If my current employer did this, I probably wouldn't have gotten the job. Right now I develop complex and good-working systems requiring abilities well beyond that asked in an interview, as a bonus I get along really well with everyone in the office. Why? Non-traditional interview policies. All of our candidates come in (after a telephone screen) to hack for a day. Better yet, pay them for a day.
- 507
I would look through this list of 100 questions and tailor it as needed for the specific job requirements of the position. I would suggest trying to hit every area once, especially if you are looking for a well-rounded engineer, but focus on the areas most relevant to the job.
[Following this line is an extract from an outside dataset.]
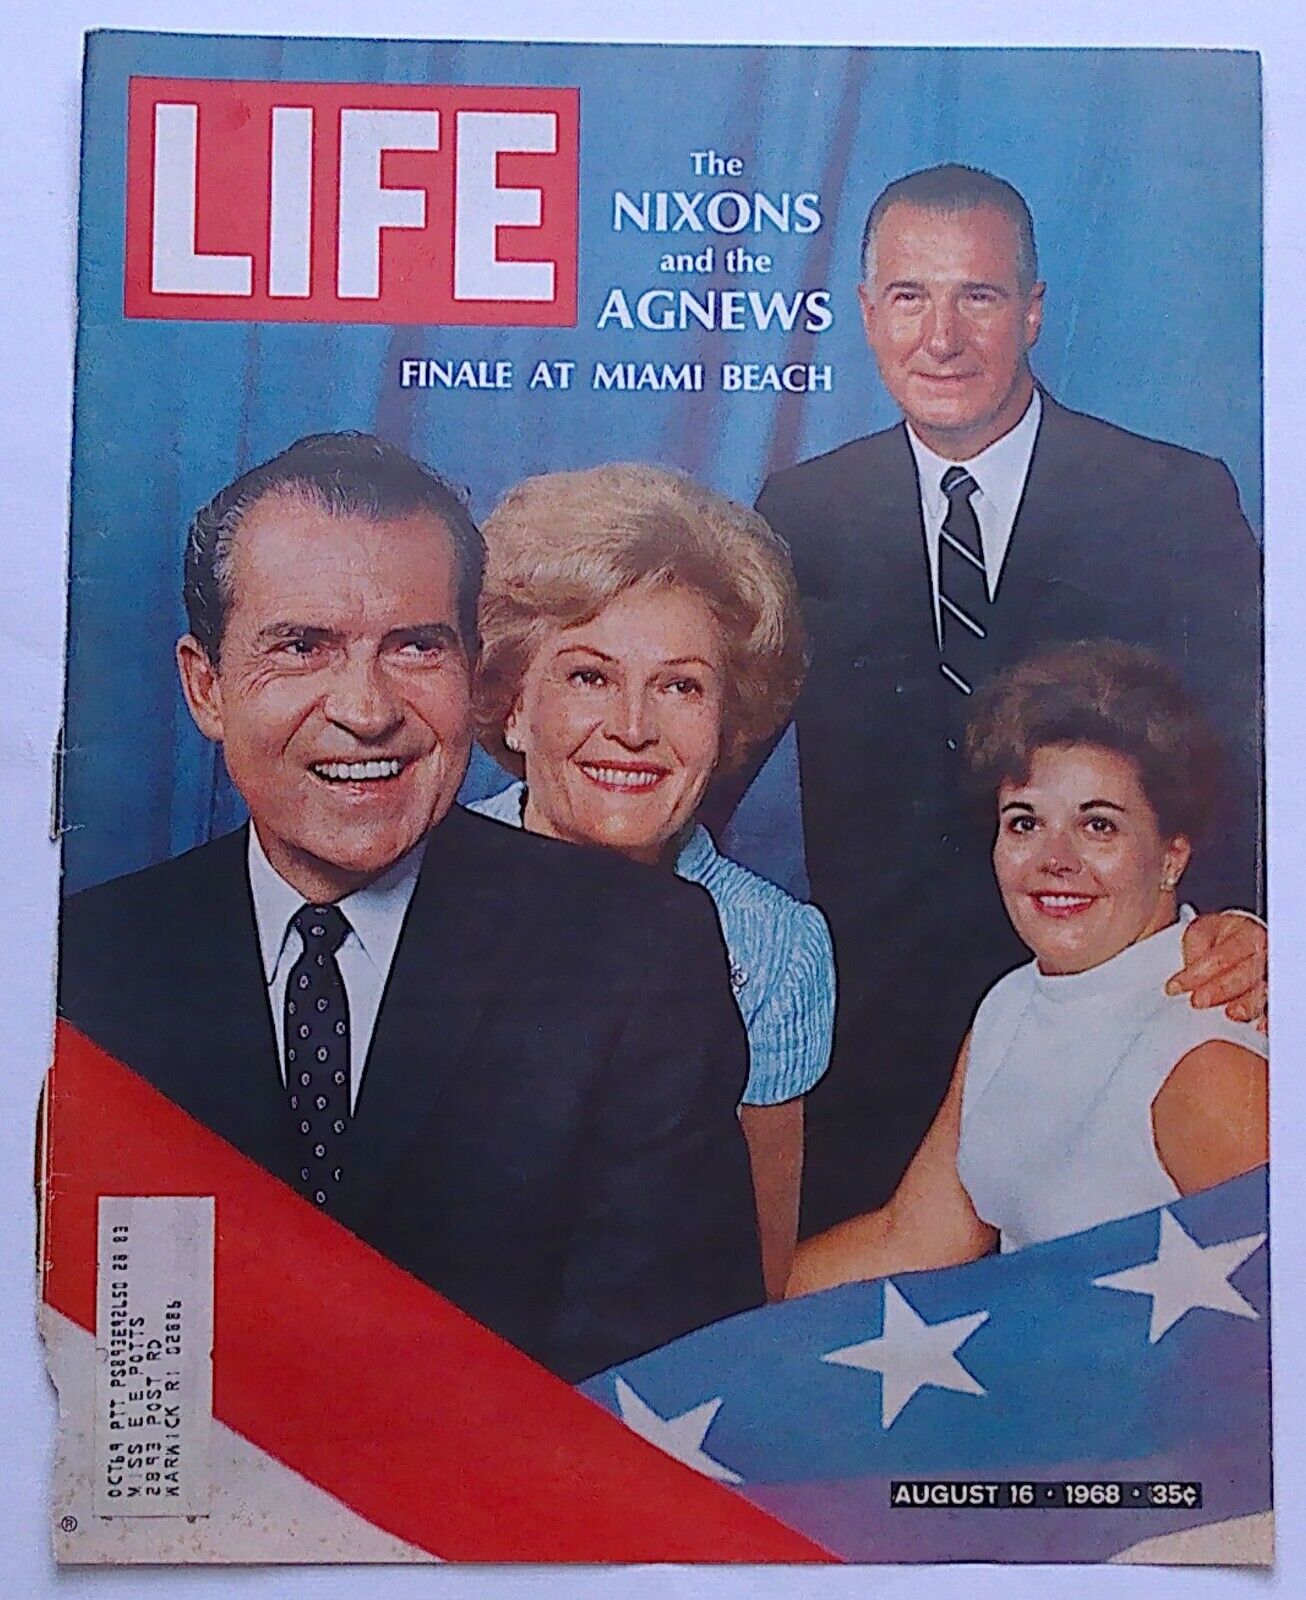 Life Magazine Cover Only  ( The Nixons and the Agnews ) August 16, 1968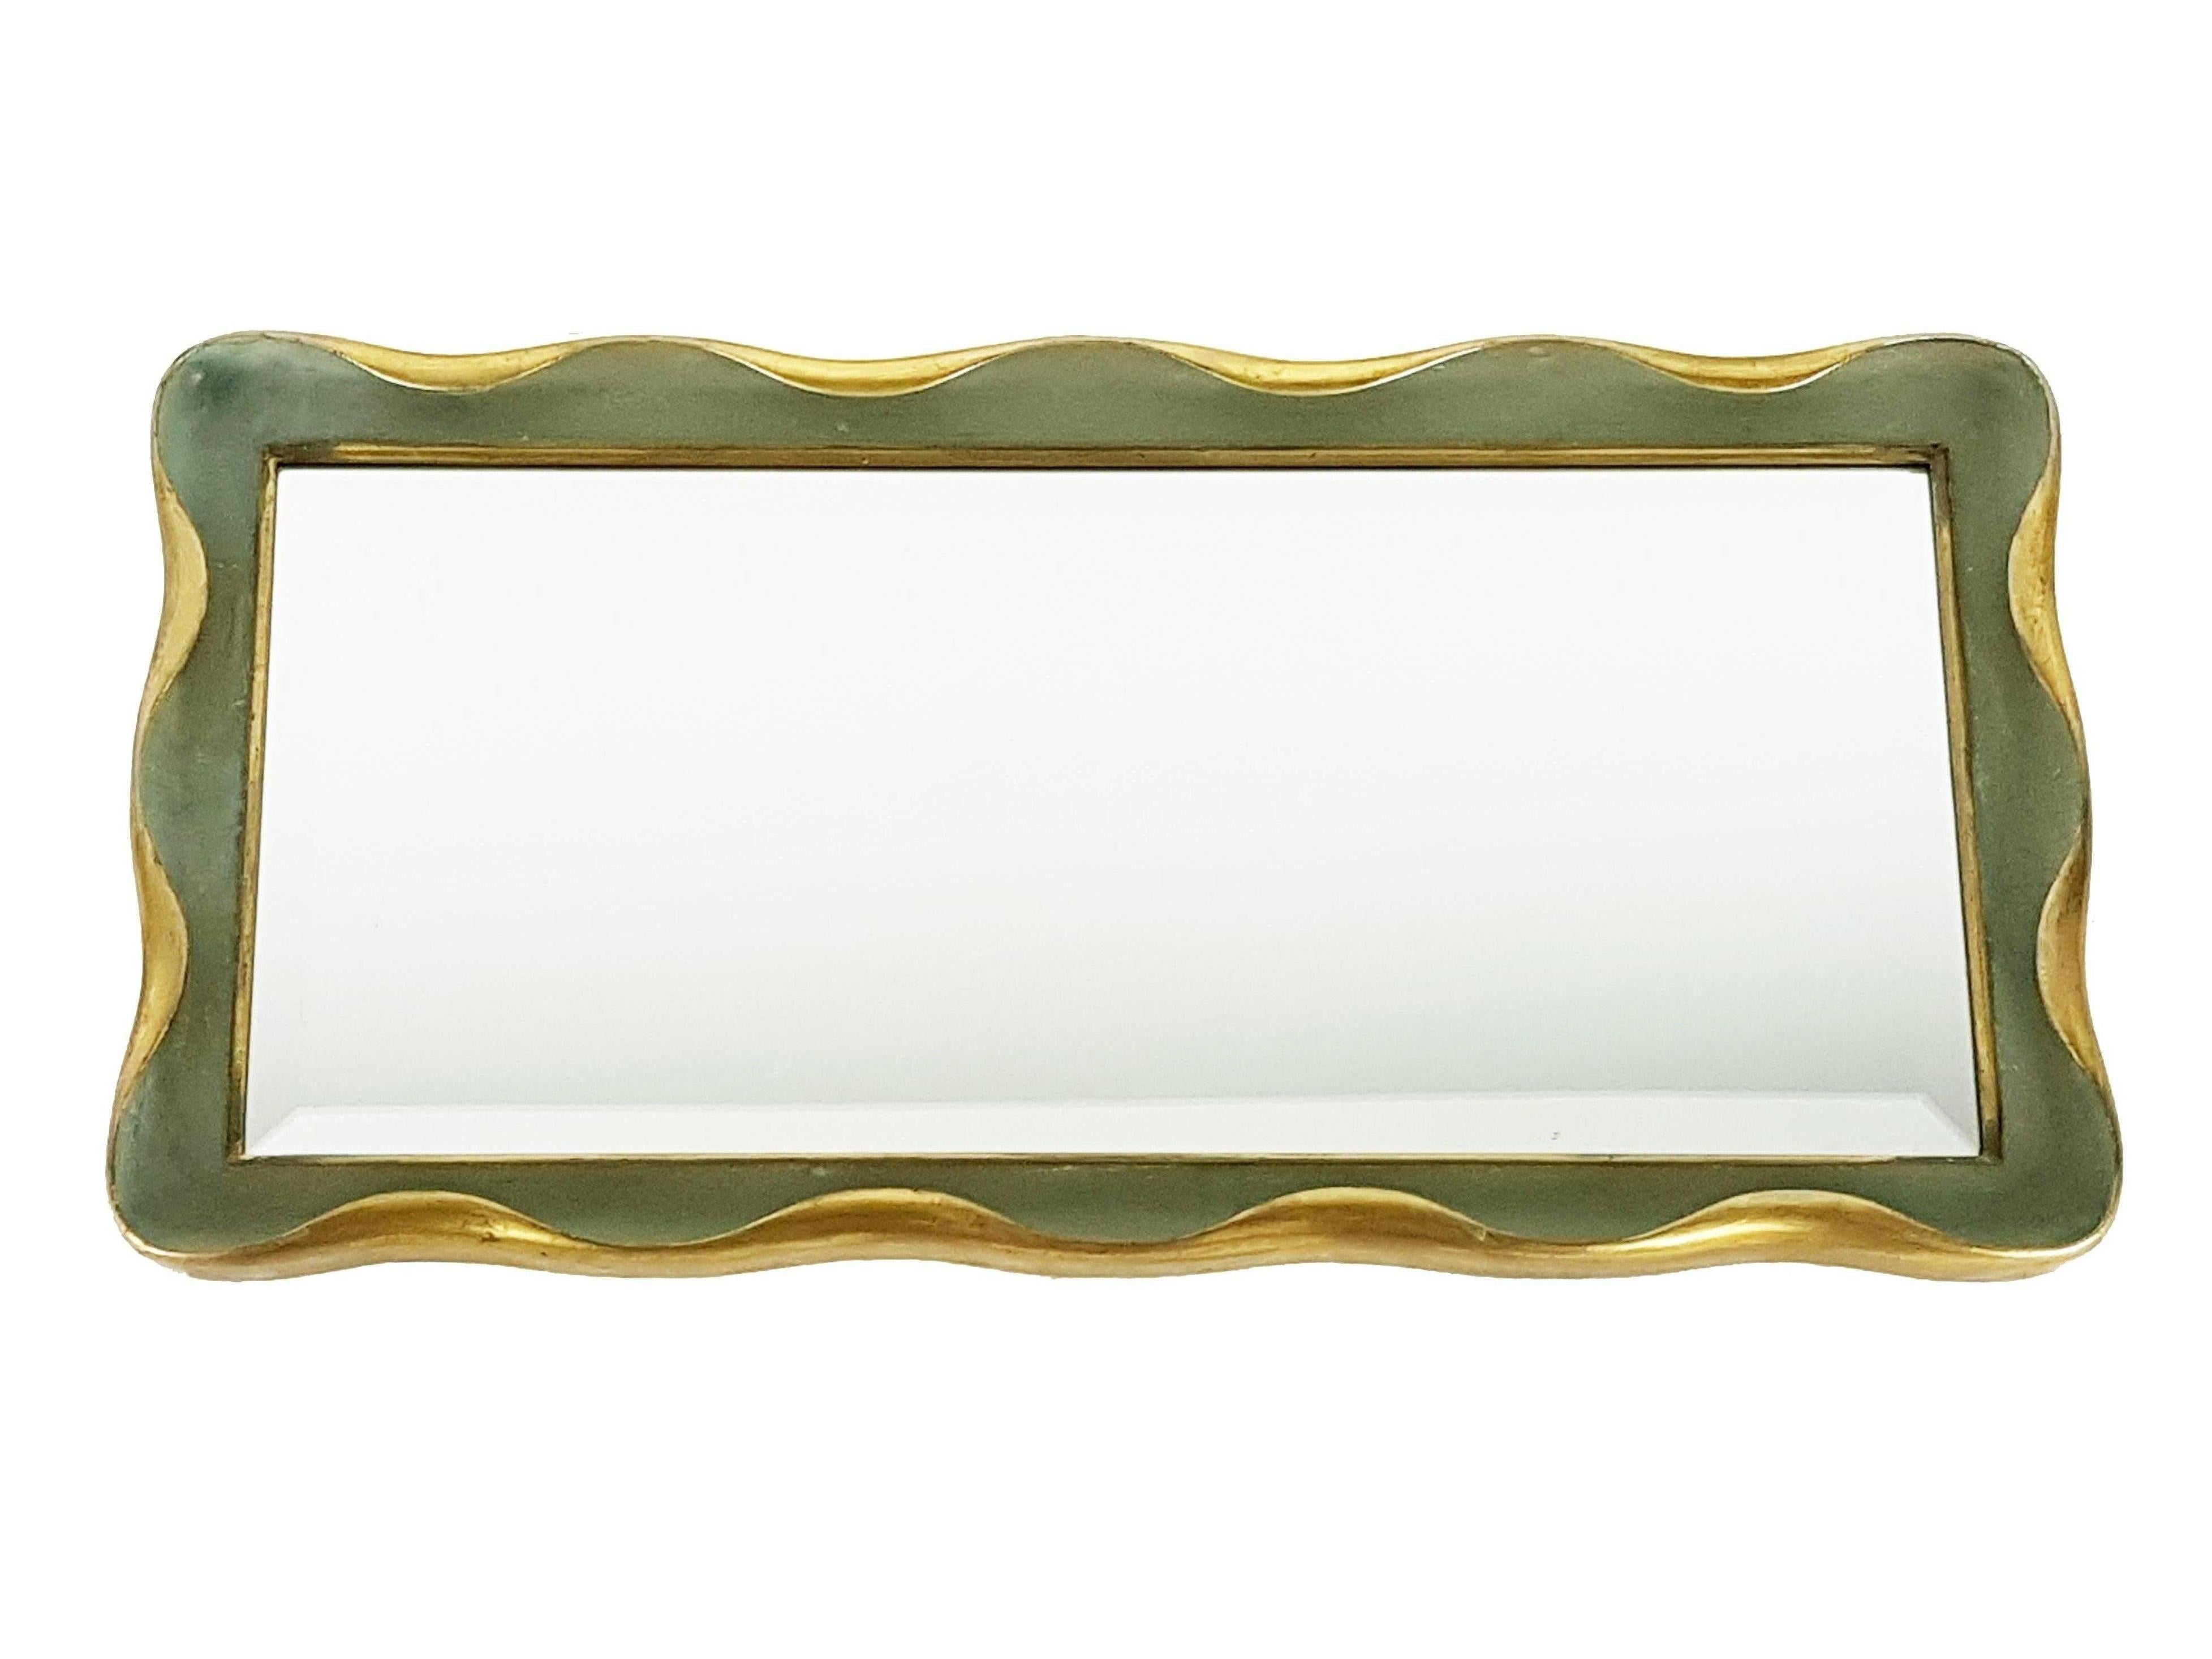 This wall mirror is made from a laquered and golden wood frame with a faceted mirrored glass. It can be used both horizontal and vertical orientation. Its design and its fine quality resembles similar works of Giovanni Gariboldi from the 1940s. Very

A few examples of the questions it sounds like you are most interested in. Instead of asking "how", explicitly ask them to write a method or routine, either in pseudocode (my preferred method) or the language that they would be using if they were hired.
- How do you find out if a number is a power of 2? And how do you know if it is an odd number?
- How do you find the middle item in a linked list?
- How would you write a function to reverse a string? And can you do that without a temporary string?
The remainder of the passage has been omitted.